On peut dès lors supposer que les stimuli de l’hémiespace
“éteint” ont atteint un niveau de représentation catégoriel.
Autre explication : il est possible que les stimuli
contralésionnels aient été partiellement activés.
En d’autres termes, le stimulus ipsilatéral pourrait
“amorcer” le stimulus controlatéral, suffisamment pour
générer de bonnes performances d’appariement
même/différent même si l’amorçage n’est pas suffisant
pour permettre leur identification.
Le traitement du stimulus sur lequel la tâche doit être
effectuée sera dès lors plus rapide puisque le premier
stimulus aura déjà activé une part de sa représentation.

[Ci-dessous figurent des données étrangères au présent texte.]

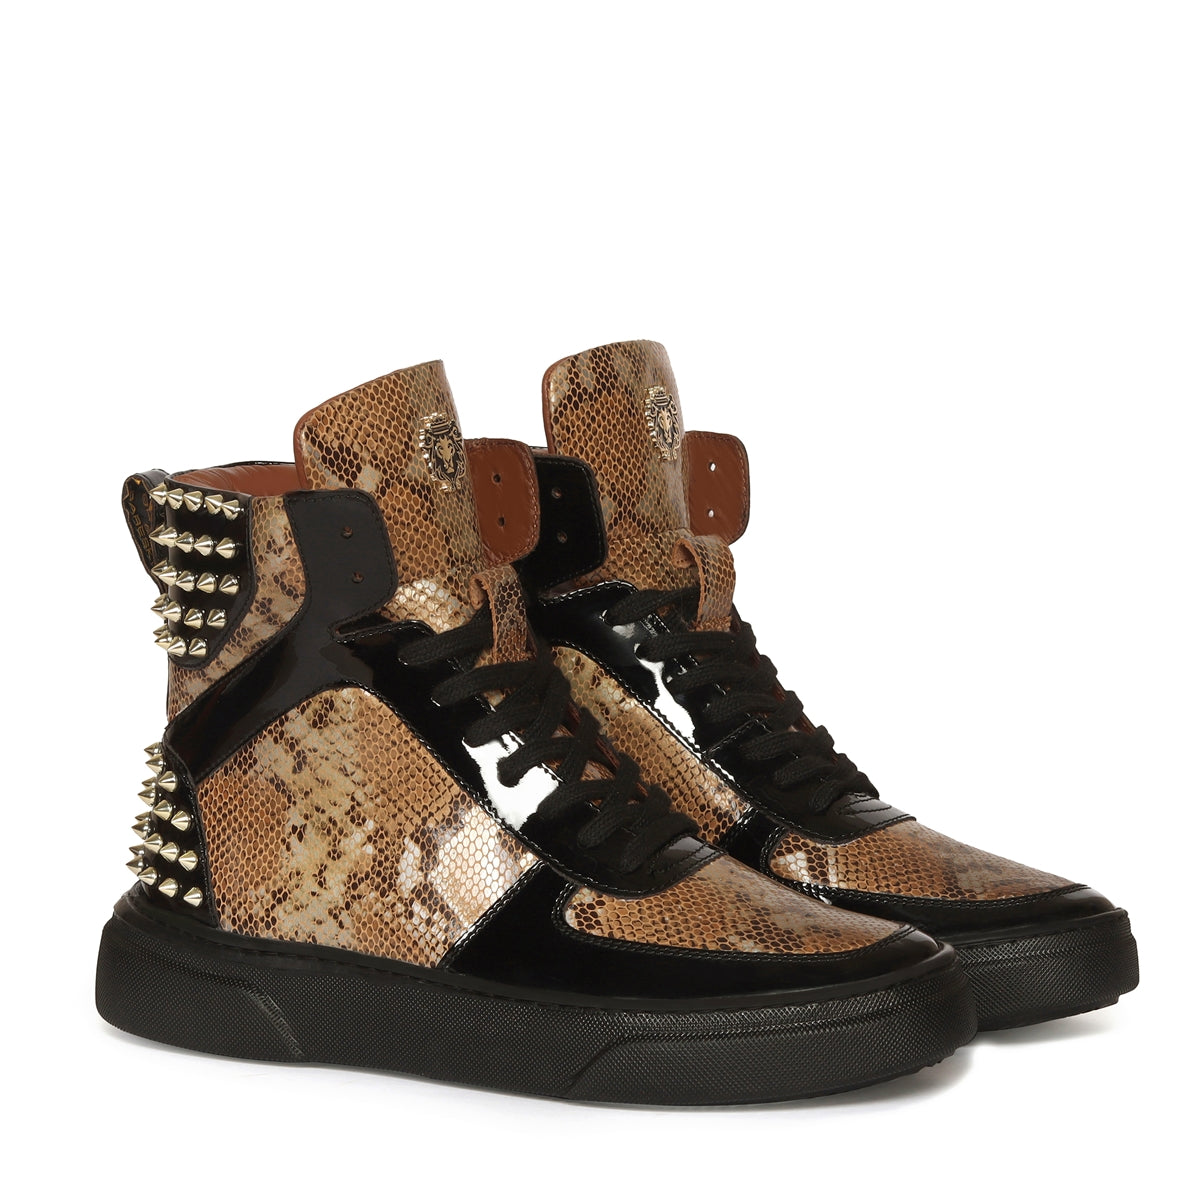 Studded High Top Sneakers Snake Print with Patent Leather Detailing
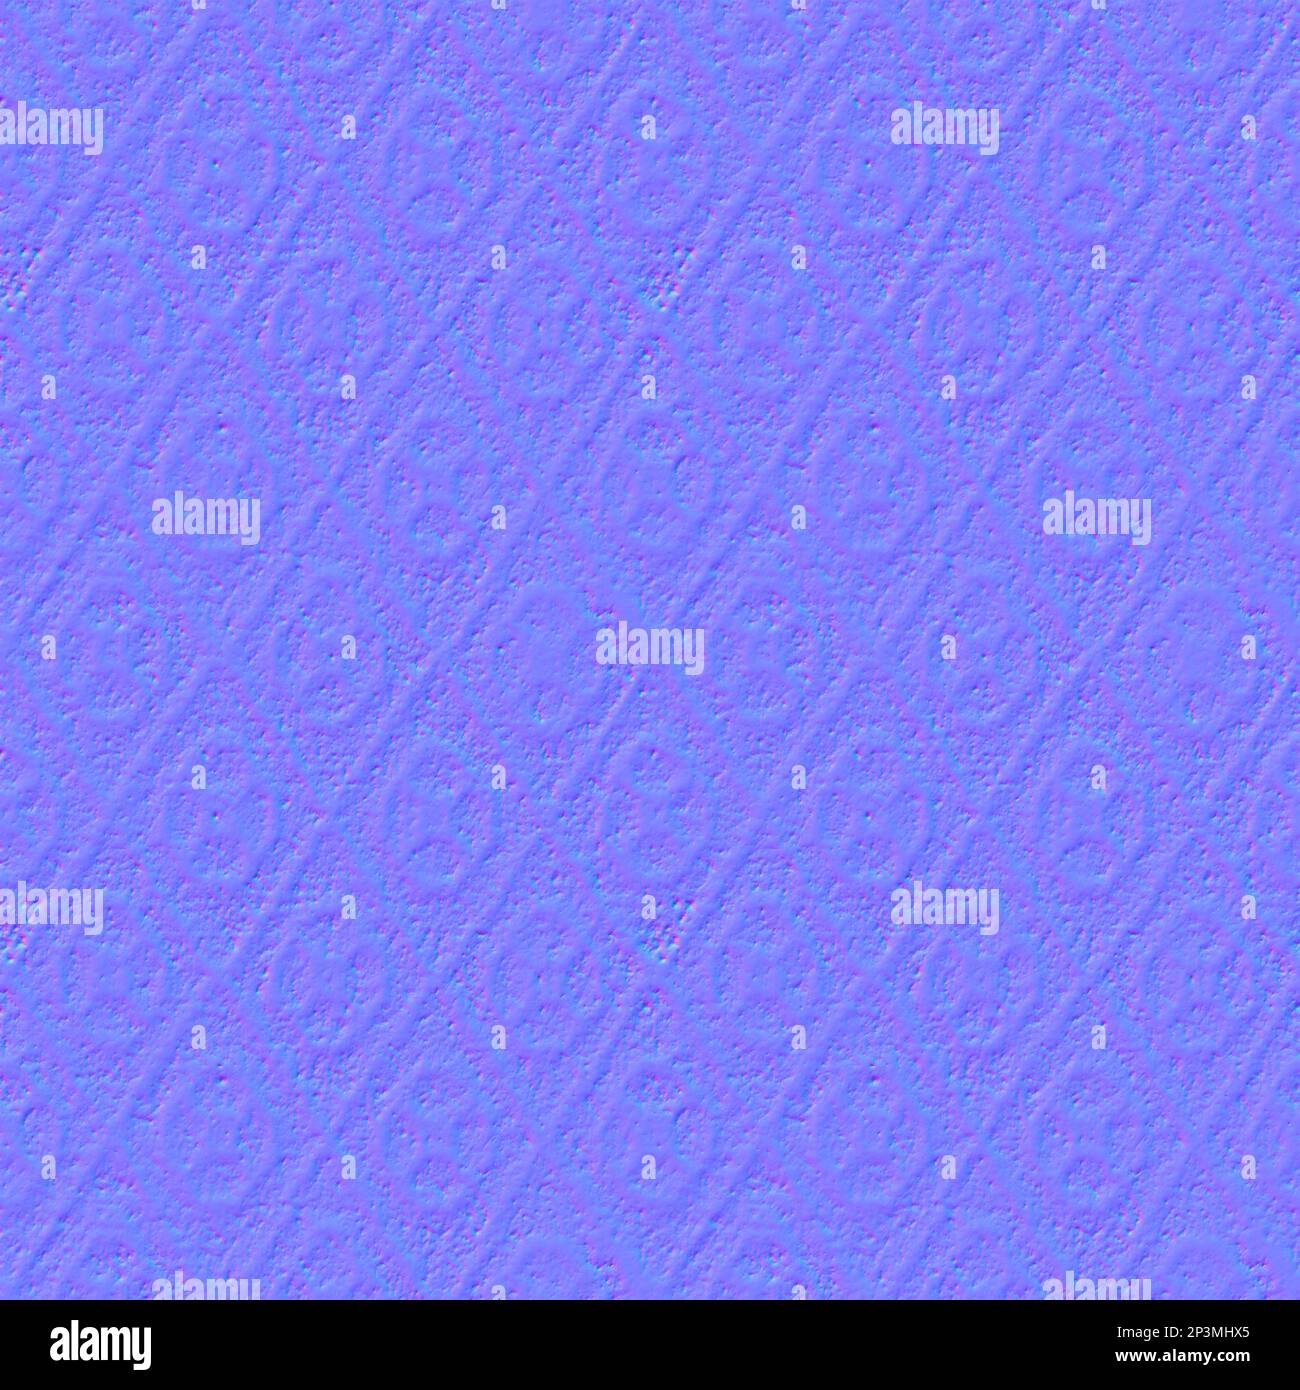 Normal Map Fabric Fabric Normal Mapping Stock Photo by ©FlyOfSwallow  606845398

Dans le cas de l'expérience de Berti et al., quand deux
stimuli sont les mêmes, l'objet présenté du côté intact va
entraîner un bénéfice dû à l'amorçage sur le stimulus
présenté du côté éteint.
Par contre, quand les deux stimuli sont différents, ils n'ont
aucun lien permettant l'amorçage et les sujets
effectueraient dès lors une décision par défaut.
Une manière d’éviter l’amorçage entre stimuli ipsi- et
contro-latéraux est d’utiliser des présentations successives
des stimuli plutôt que simultanées.
Fuentes & Humphreys (1996) : tâche dans laquelle les
patients devaient apparier des stimuli successifs présentés
au point de fixation, sur base de l’identité de lettre.
Ces lettres-cibles pouvaient être accompagnées soit par
deux signes +, soit par un signe + et une lettre (le
distracteur), apparaissant à droite ou à gauche de la cible.
Le premier ensemble de chaque essai était l’amorce, le
second la sonde (probe).
Dans les conditions critiques, le distracteur de l’ensembleamorce devenait la cible de l’ensemble-sonde.
Ceci permettait de mesurer les effets d’un distracteuramorce présenté soit du côté ipsi- soit du côté controlésionnel, aux réponses à une cible subséquente.
Essais “même”:
(1) “même” neutre: + A + -> + A +
(2) distracteur différent, gauche: M A + -> T A +
(3) distracteur différent, droit: + A M -> + A T
Le contraste entre chaque condition de distracteur
et la condition neutre permet d'examiner l’interférence
éventuelle d’un distracteur gauche ou droit en réponse à
la cible centrale.
Essais “différent” :
(1) “différent” neutre: + A + -> + M +
(2) répétition ignorée, gauche: M A + -> T M +
(3) répétition ignorée, droite: + A M -> + M T
(4) distracteur différent, gauche: M A + -> L T +
(5) distracteur différent, droite:+ A M -> + T L
Le contraste entre les conditions “répétition
ignorée” et les conditions “distracteurs différents”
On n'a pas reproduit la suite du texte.